Estimating number of animals can be done in at least two ways. One is using capture-mark-recapture (CMR) framework, where capture histories of individuals are known. A second method is using a method termed “permanent count sites”, where on, as you might have guessed it, permanent counting sites, hunters count number of bears during a specific night. Counting is done in special weather conditions and at night. This kind of data could be analyzed using spatial count model (model for unmarked individuals). I will dwell into efford required for one or the other later.

Let us first divert our attention at how well can population size be estimated using both methods. Based on the code from Spatial capture-recapture by Royle et al. (2014) I will attempt to generate capture histories for individuals and for my next trick, use CMR methods to estimate population size when capture histories for individuals are known (Poisson, binomial models) and unknown (unmarked individuals, see Spatially-explicit models for inference about density in unmarked populations by Chandler and Royle from 2011).

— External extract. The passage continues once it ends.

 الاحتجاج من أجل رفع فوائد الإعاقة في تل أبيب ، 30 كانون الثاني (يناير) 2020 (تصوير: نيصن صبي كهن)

In other terms, I will use only the number of animals counted at a specific counting site.

library(scrbook)
library(coda)
library(ggplot2)

Setting the scene

Individuals move freely around the world and have a home range centroid which is not observed. What is observed are captures of said individuals on traps, set up in a grid. Number of traps is basically the only thing we do not keep constant in this simulation. Here is a figure that demonstrates the design.

tr <- seq(5, 25, length = 5)
X <- expand.grid(x = tr, y = tr)
N <- 30
buffer <- 2
xlim <- range(X[, 1]) + c(-buffer, buffer)
ylim <- range(X[, 2]) + c(-buffer, buffer)
s <- cbind(x = runif(N, xlim[1], xlim[2]),
           y = runif(N, ylim[1], ylim[2]))

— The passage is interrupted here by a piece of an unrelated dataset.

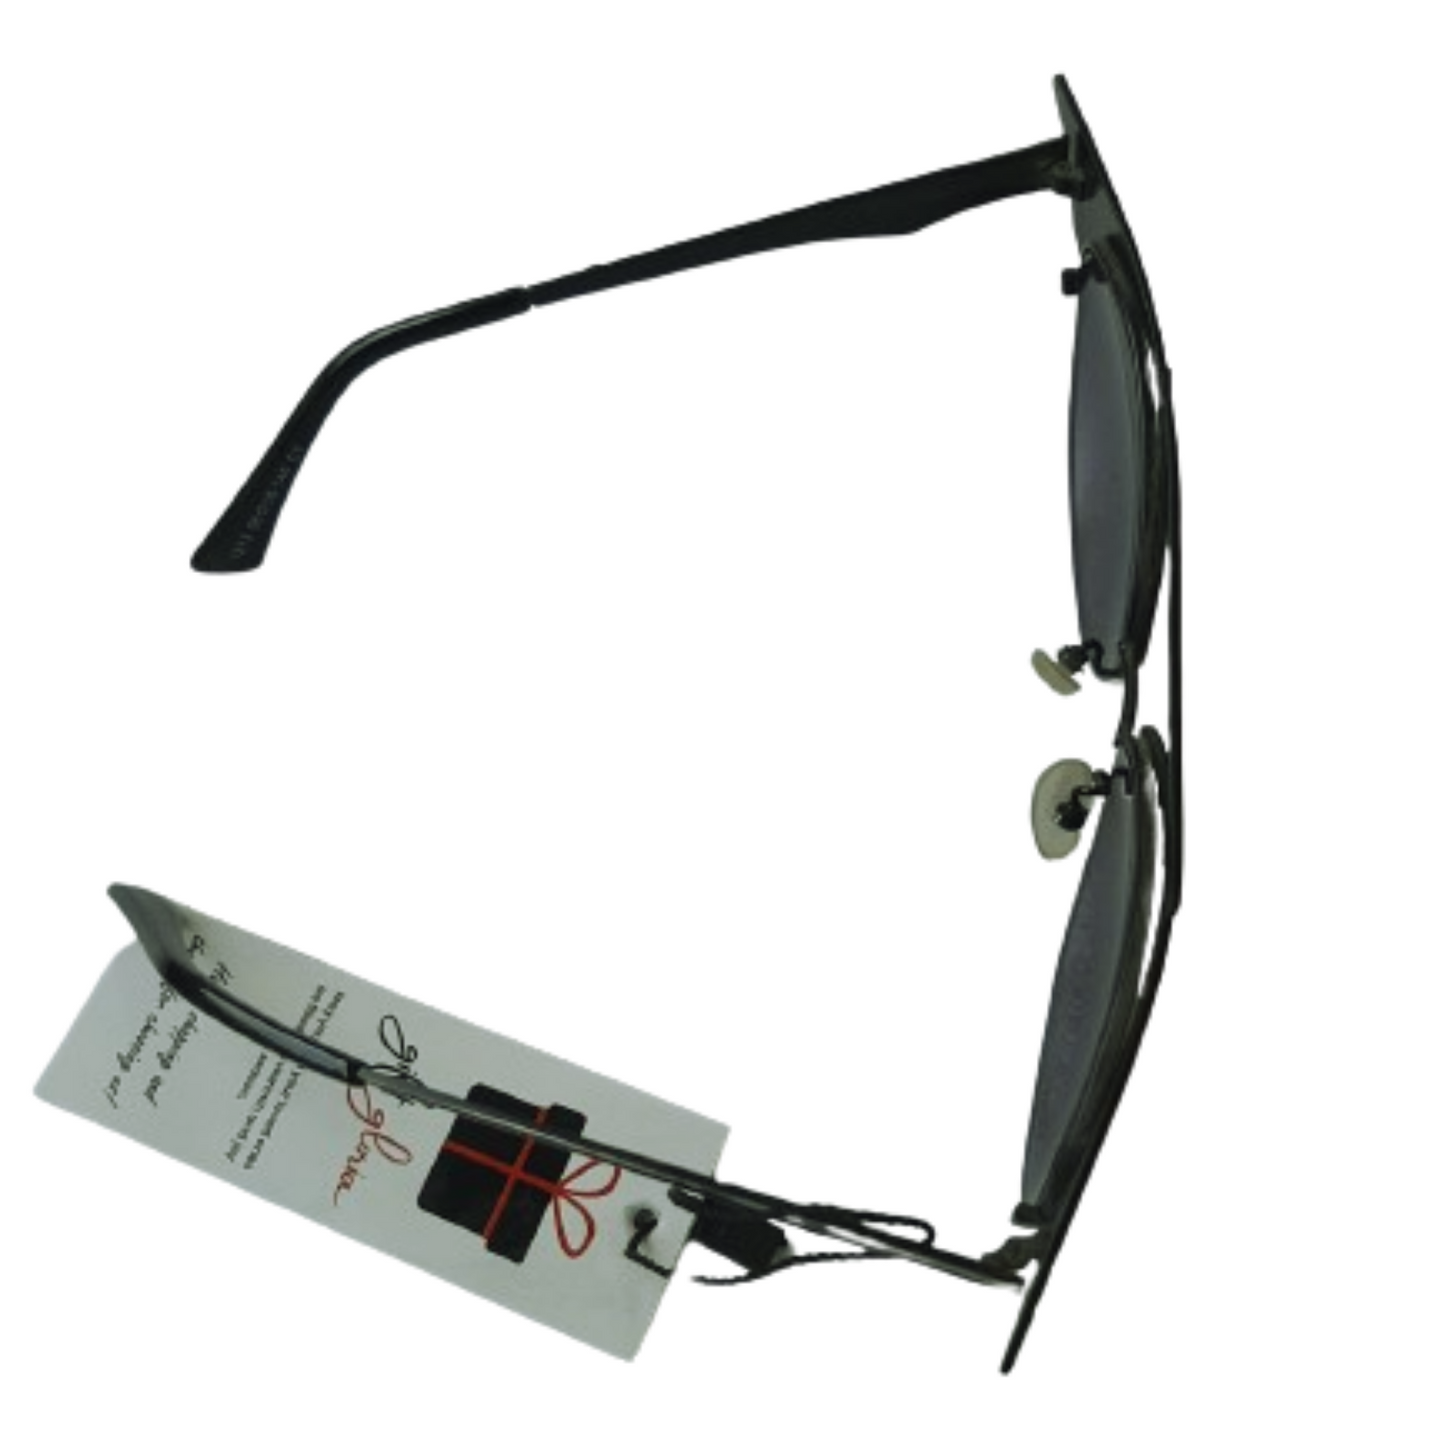 Cat-Eye- Sunglasses For women

plot(X, xlim = c(0, 30), ylim = c(0, 30), asp = 1)
points(s, cex = 0.5, col = "red")
rect(xleft = xlim[1], xright = xlim[2], ybottom = ylim[1], ytop = ylim[2], lty = "dotted", border = "grey")

Black circles represent traps, red circles are unobserved home range centroids and the dotted gray line around the trap array is the buffer used to generate state space (area within which individuals move). It is assumed animals move around the centroid (I believe the assumptions is that the movement could be described with a half-normal-ish distribution? It’s Sunday 1 a.m. and I’ll have to verify this later.). Probability of capture of each individual is modeled so that it depends on the distance between the centroid and the trap. See CMR book by Royle et al. for further explanation.

More technicalities

Having successfully generated a trap array, individuals and their capture history (which individual was caught at which location on what occassion), we use a hand built Metropolis-Hastings algorithm available in functions of the scrbook package. Functions are SCR0pois and SCR0binom.cl and can estimate model parameters for Poisson and binomial models, respectively. To estimate the number of individuals for spatial count model (unmarked), we collapse the data so that we only know how many individuals were caught at which trap on which occassion and use function scrUN from the aforementioned package. The results are written into intermediate files on disk to prevent data loss in case something goes wrong, collected at the end and visualized. Easy peasy.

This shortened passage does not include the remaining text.